Мне хотелось сказать, что нам ничего не известно, но неверным ответом я боялся навлечь на себя гнев родителя и поэтому помалкивал. Видя, что мы оба молчим, отец сам отвечал на свои вопросы:
– Нам известно, сколько всего было муки, – это раз; известно, что муки первого сорта было на столько-то меньше второго, а третьего на столько-то больше, чем первого, – это два; ещё известно, что пуд муки первого сорта был на столько-то дороже, чем пуд второго сорта, а пуд третьего сорта был на столько-то дешевле второго. Известно также, сколько стоила вся мука третьего сорта. Что мы можем узнать? – задавал он очередной вопрос.
Мне хотелось сказать, что мы ничего не можем узнать, но я решил сохранять благоразумие и продолжал молчать.
– Мы знаем, сколько стоила вся мука третьего сорта, – стараясь натолкнуть нашу мысль на верный путь, сказал отец. – Если бы мы знали, сколько стоит пуд муки третьего сорта, то, поделив, могли бы узнать, сколько пудов было третьего сорта. Мы можем узнать цену пуда третьего сорта.
На этот раз мне со всей решительностью хотелось сказать, что этого мы не можем, но отец продолжал:
– Можем! Почему?.. Потому что мы знаем, что пуд третьего сорта стоил на столько-то дешевле пуда второго, а пуд второго – на столько-то дешевле пуда первого. Сложив эти числа, мы узнаем, на сколько дешевле был пуд третьего, чем пуд первого, а чтоб узнать, сколько стоил пуд третьего, надо это число отнять от цены пуда первого сорта. Мы не знаем цены пуда первого, но мы можем узнать, так как знаем, сколько было всего пудов муки, и знаем, что первого было на столько-то меньше второго, а третьего – на столько-то больше второго. Если мы сложим эти числа и результат отнимем от общего количества муки, а то, что получится, поделим на три, а к тому, что получится, прибавим, на сколько больше, то узнаем, сколько было пудов муки первого сорта… Отсюда уже нетрудно будет узнать, сколько было второго и третьего сорта, так как мы знаем, на сколько их было меньше…

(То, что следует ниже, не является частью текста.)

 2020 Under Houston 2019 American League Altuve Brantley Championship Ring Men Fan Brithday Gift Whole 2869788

Нужно сказать, что, когда отец доходил до этого места в своих рассуждениях, я уже переставал представлять себе, что происходит вокруг, и понимал не больше, чем если бы он говорил не на русском языке, а по-китайски. Я сидел словно погружённый в гипнотический сон, от которого меня пробуждал радостный возглас отца, которым он заканчивал свои рассуждения:
– Вот видите – всё ясно! Значит, какой будет первый вопрос?
«Какой будет первый вопрос? Какой будет первый вопрос? – вертелось у меня в голове. – Да убей меня бог на этом самом месте, если я могу сказать, какой будет первый вопрос!»

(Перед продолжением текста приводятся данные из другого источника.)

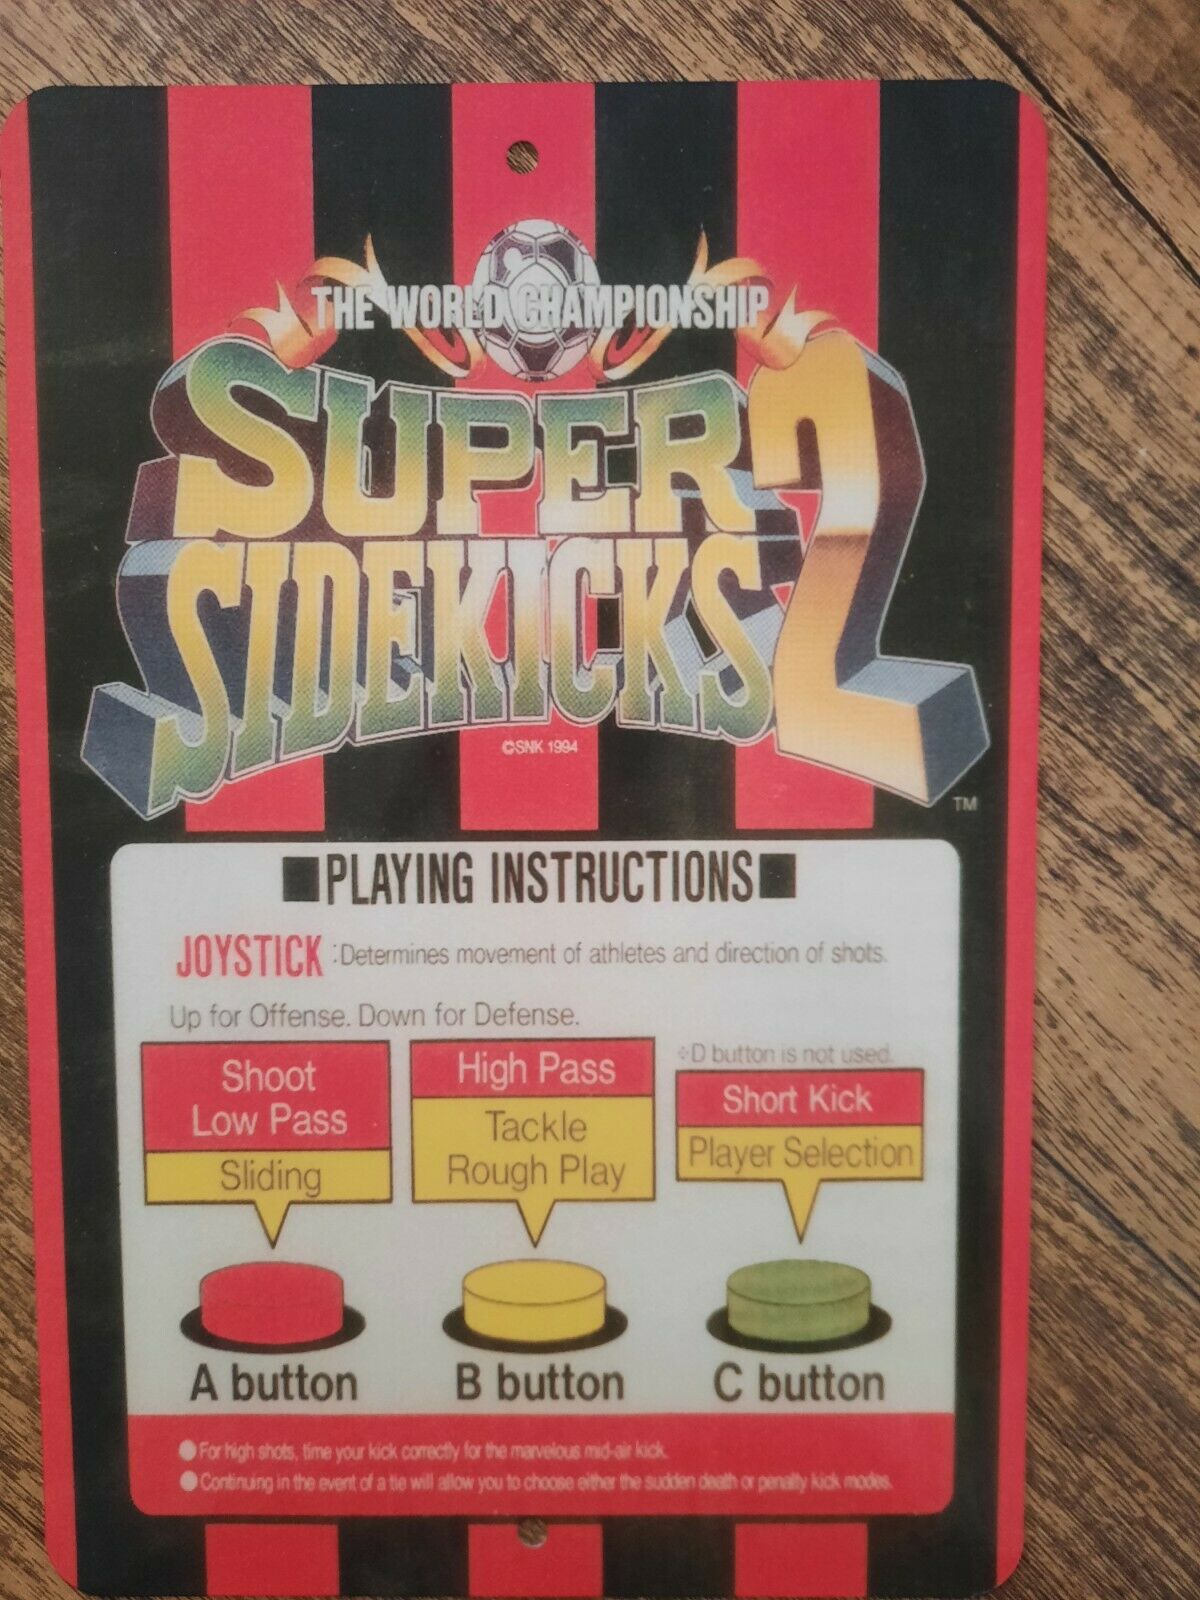 Super Sidekicks 2 Video Game 8x12 Metal Wall Sign

Очевидно, у брата было не больше на этот счёт соображений, чем у меня, так как и он сидел, не раскрывая рта. Наше молчание приводило отца в ярость. Он сам говорил, какой будет первый вопрос, и снова повторял все свои рассуждения, а когда доходил до конца, то оказывалось, что к этому времени мы уже успевали забыть, какой будет первый вопрос, и всё приходилось начинать сначала, впрочем с тем же результатом. В конце концов он брал лист бумаги, записывал первый вопрос, производил соответствующее арифметическое действие, потом записывал второй вопрос, повторяя вслух каждое слово, словно вдалбливал его в наши головы, опять делал нужное по ходу задачи сложение, вычитание, умножение или деление, записывал третий вопрос, и так до конца задачи. Обычно на этой стадии мы с братом говорили, что всё поняли, и нам оставалось переписать отцовские записи в свои тетрадки, дополнив ошибками, которые были вполне оправданны, если учесть то состояние, в котором мы к тому времени находились.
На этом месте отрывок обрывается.